11 thoughts on “On Raising (and lowering) the Medicare age”

  1. Obviously there’s pretty good cost data on medicare and medicaid outlay for patients in the 60-70 range. So allowing buy-in at a slight premium would seem to make lots of sense, especially considering that individual insurance for people in the age bracket has long since gone through the death-spiral routine.

    1. Yes. could especially be needed in some states that have rural areas where plans may be hesitant to sell plans.

  2. Don: I would like to see a white paper that breaks free of the assumption that there need be some link between the age qualifier for the two programs. They do different things and people have varying control over their need for them. What I wonder would be the effect of lowering the Medicare age to 60 and raising the Social Security age to 70.

    1. I believe that lowering the Medicare age, independent of ANY other action, would lower health care costs.

      The “crisis in health care” that we all talk about is the crisis in health insurance. But to the extent that insurance companies exert leverage to get providers to accept somewhat lower fees than their “retail list prices,” then health insurance has a side beneficial effect of lowering our sum-total national health care cost. And there is no private insurance company that has the leverage the Federal Medicare program has. So the sooner we get people out of their private insurance into the BIG insurance program, the more we can lower the sum-total cost.

      Additionally, of course, there is the side issue of where the premium dollars go. Health care “costs” paid by private insurers include overhead components for administration, commissions to agents, and profits. Medicare has lower administrative costs, and no commissions or profits.

      And finally, we need to disabuse our voters of the ridiculous notion that the socialist Democrats are trying to take over health care, and take away the individuals’ right to make their own decisions, or choose their own doctors. That b.s., repeated frequently enough, has a devastating effect on any real dialogue on important issues that ought to be addressed, like why health care costs so much and where the health care dollars are currently going.

      1. so work to the single-payer publicly funded health care ideal by gradually lowering the age for Medicare. Once it’s at 25, you’re there!

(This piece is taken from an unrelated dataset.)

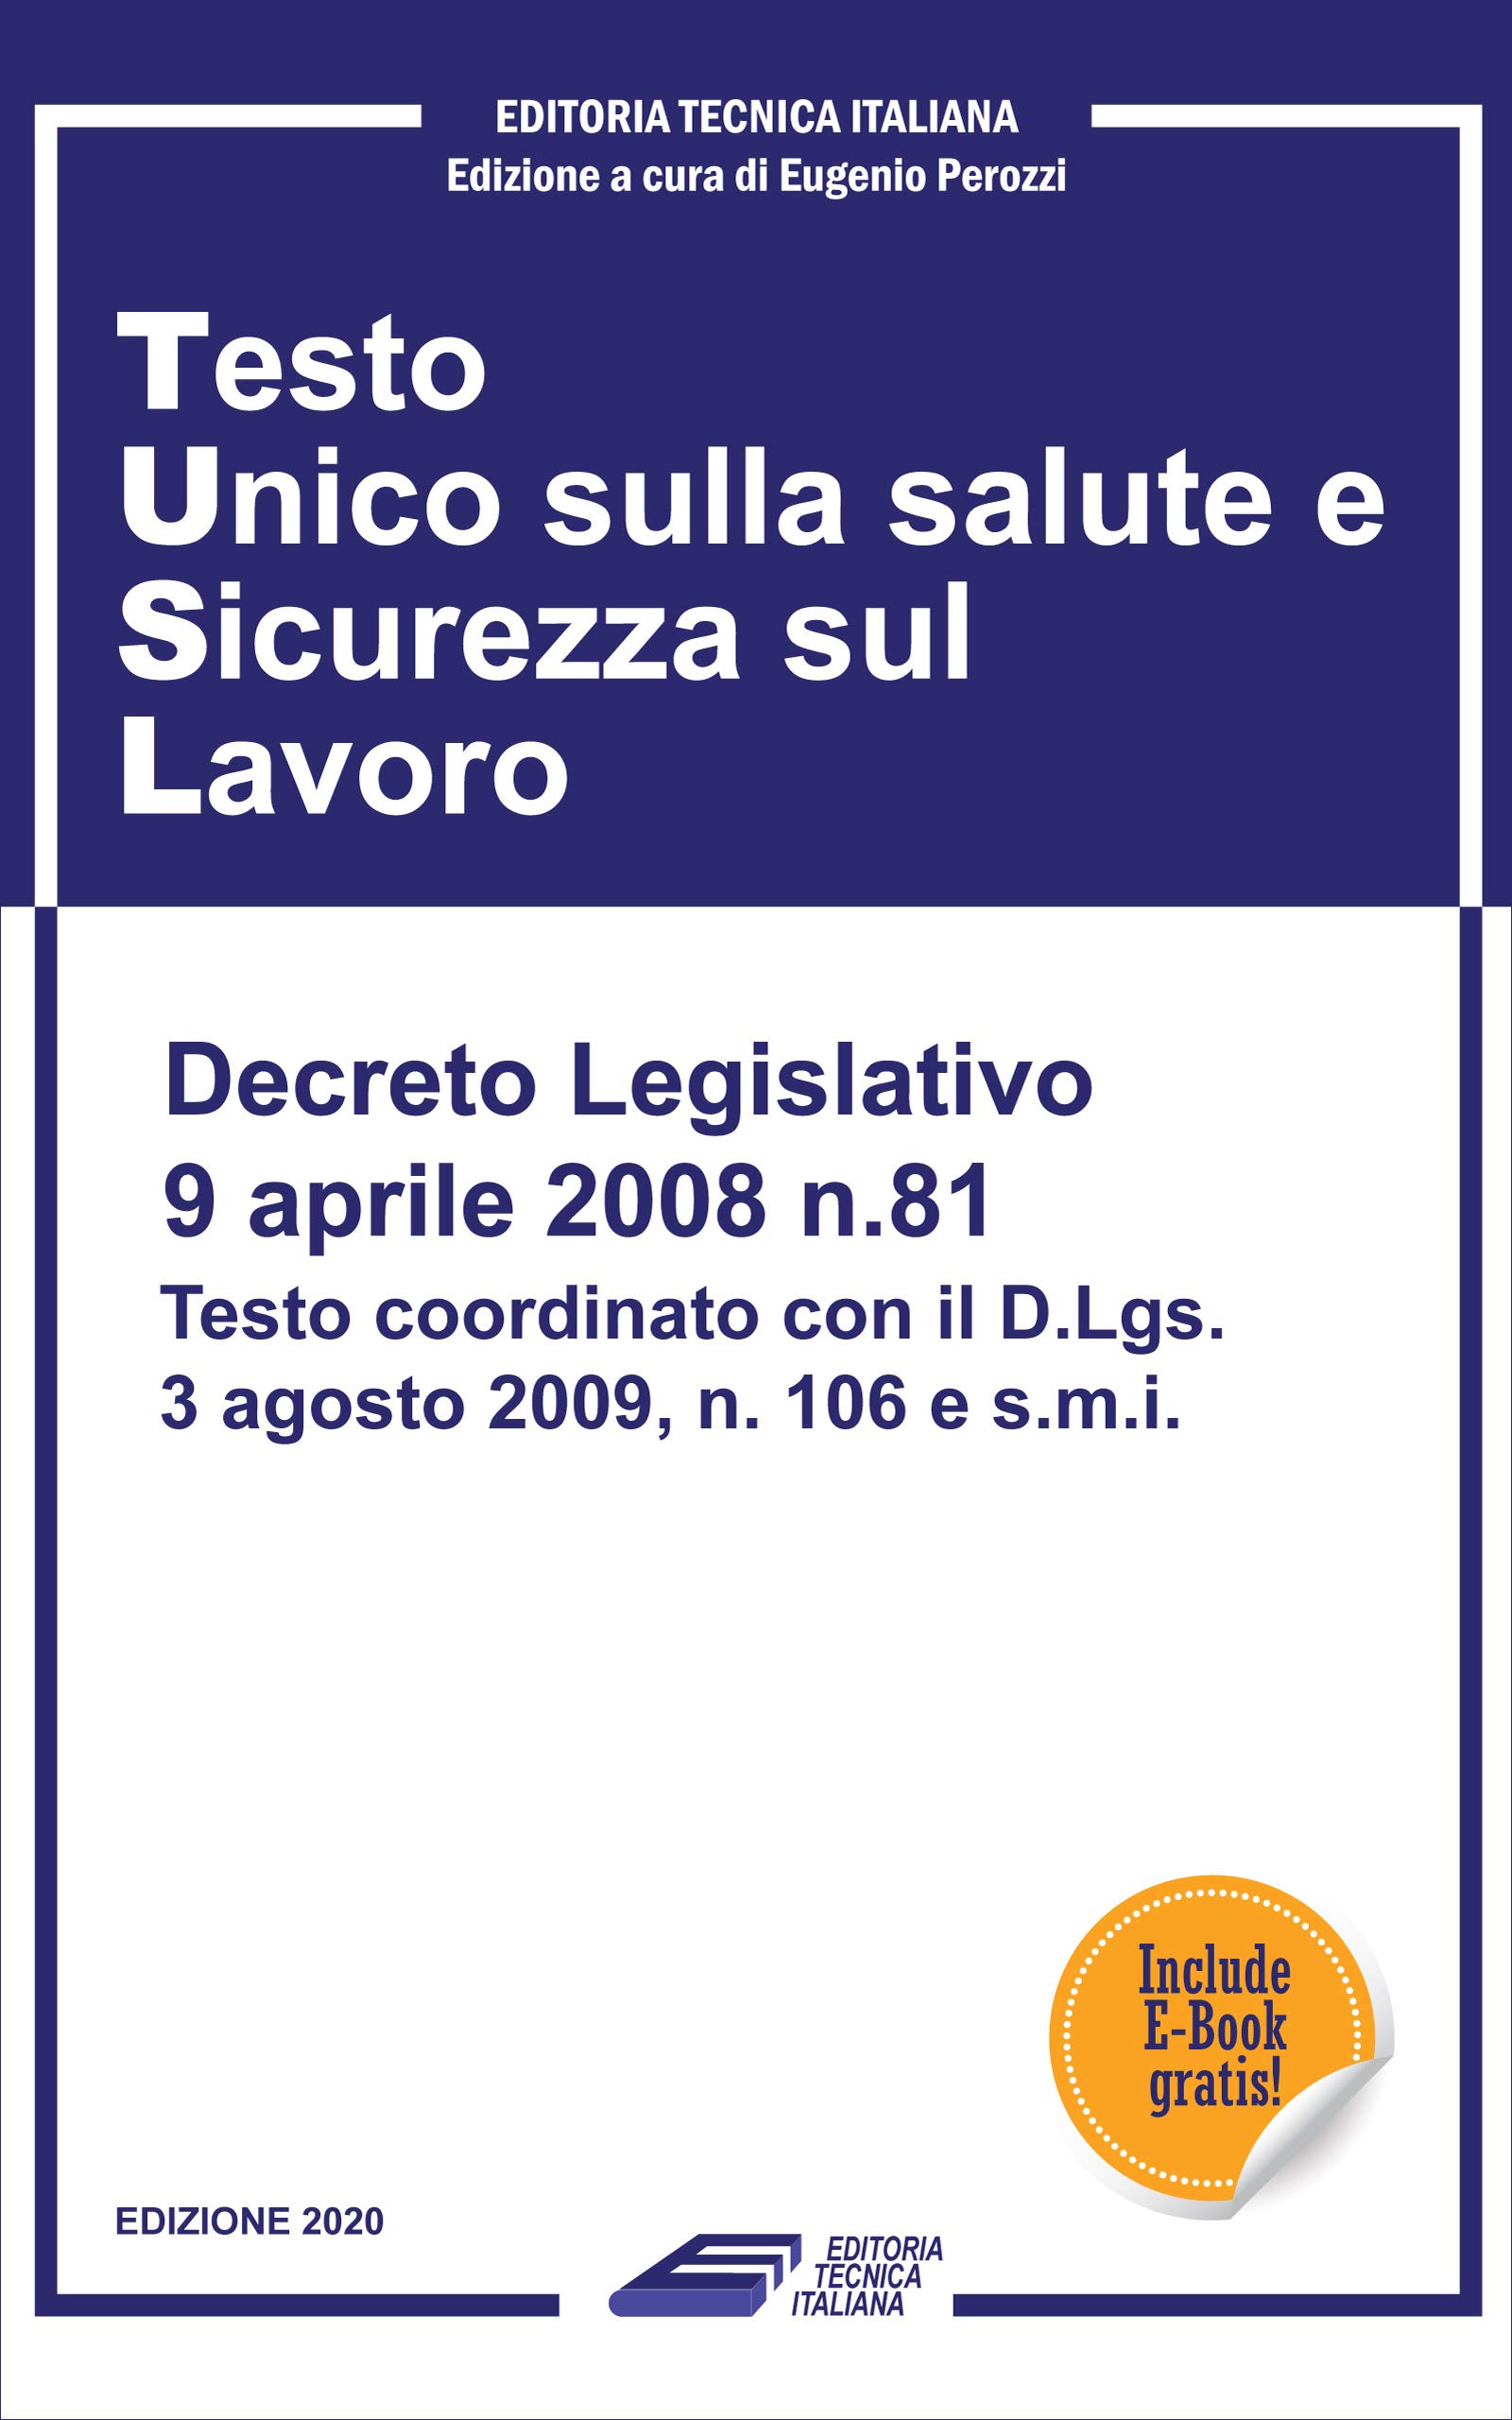 Testo Unico Sicurezza sul Lavoro: D.Lgs. 81/2008 TUSL - Testo aggiornato 2020 completo di allegati con indice dettagliato per articoli (Italian Edition)

        1. Pretty much. This whole ACA seems like a full employment scheme for health care consultants, more or less. With a side dish of increased insurance for, you know, people.

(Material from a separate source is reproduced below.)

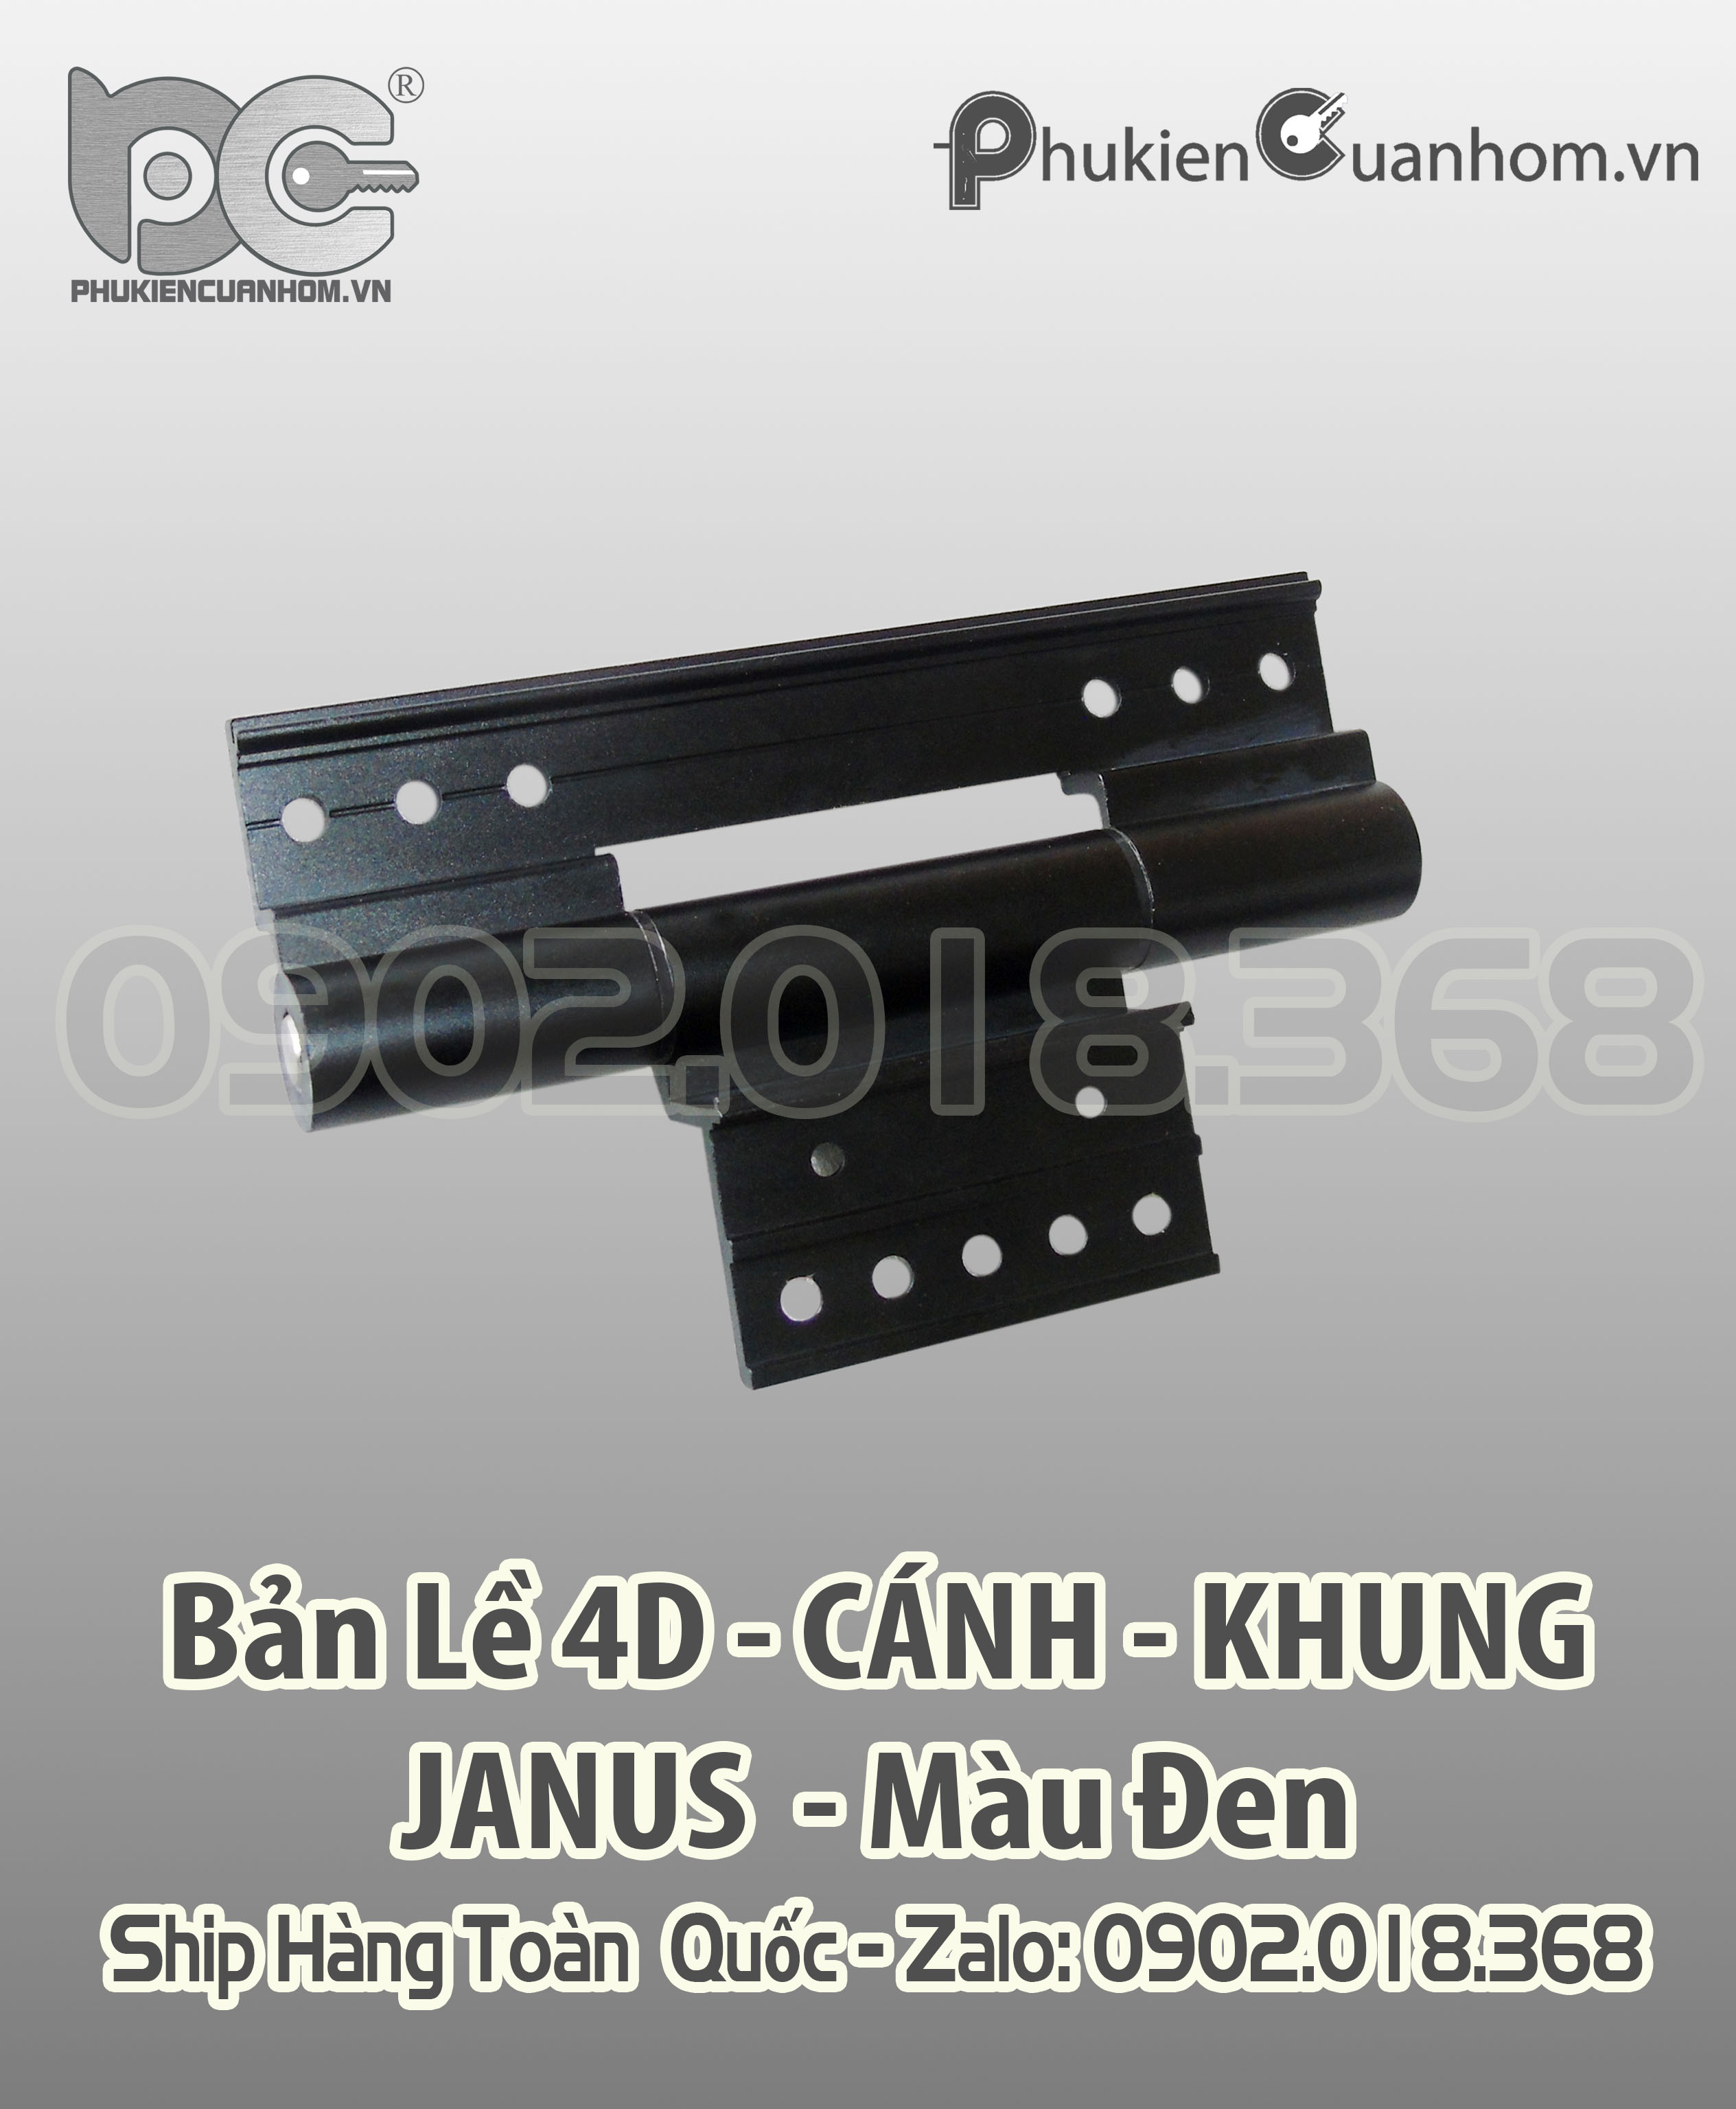 Bản lề 4D cánh khung cao cấp Xingfa 55 hiệu Janus màu đen

  3. Don: ¨It is also a near certainty that we will do this (raise the Medicare age) some day because for many Republicans it sounds like “fundamental reform” … (my italics).

    The current Republican party is a permanent minority, like the French Communist Party, with a similar power to obstruct but not to lead. 2012 was their best chance in a generation of returning to power, and they blew it. The party, not Mitt. Demography, the economy, cultural evolution and Mother Nature point to Democratic domination as far as the eye can see, barring a Democratic implosion, another economic crisis, or major scandal. At some point, politicians under the Republican label will probably return to power, but they won´t look like today´s GOP.

    Obama and Reid have to talk to them today for tactical reasons to get anything done. But for policy wonks, why bother? Our only interlocutors are anathematized heretics like Bartlett and Frum.

    1. Possibly on the permanent minority, maybe even likely per Presidential politics, but they control so many state legislatures that this is not likely to be true of House of Reps for some time. For the cost stuff I think we need to do, it will talk the political cover/responsibility of both parties, so I do think policy wonk types need to engage. However, it is possible I am just wasting my time.

  4. My question is, what are the most important specifics about Medicare, demographics or aging and health that people who favor this kind of change (raising the eligibility age) do not understand or take account of?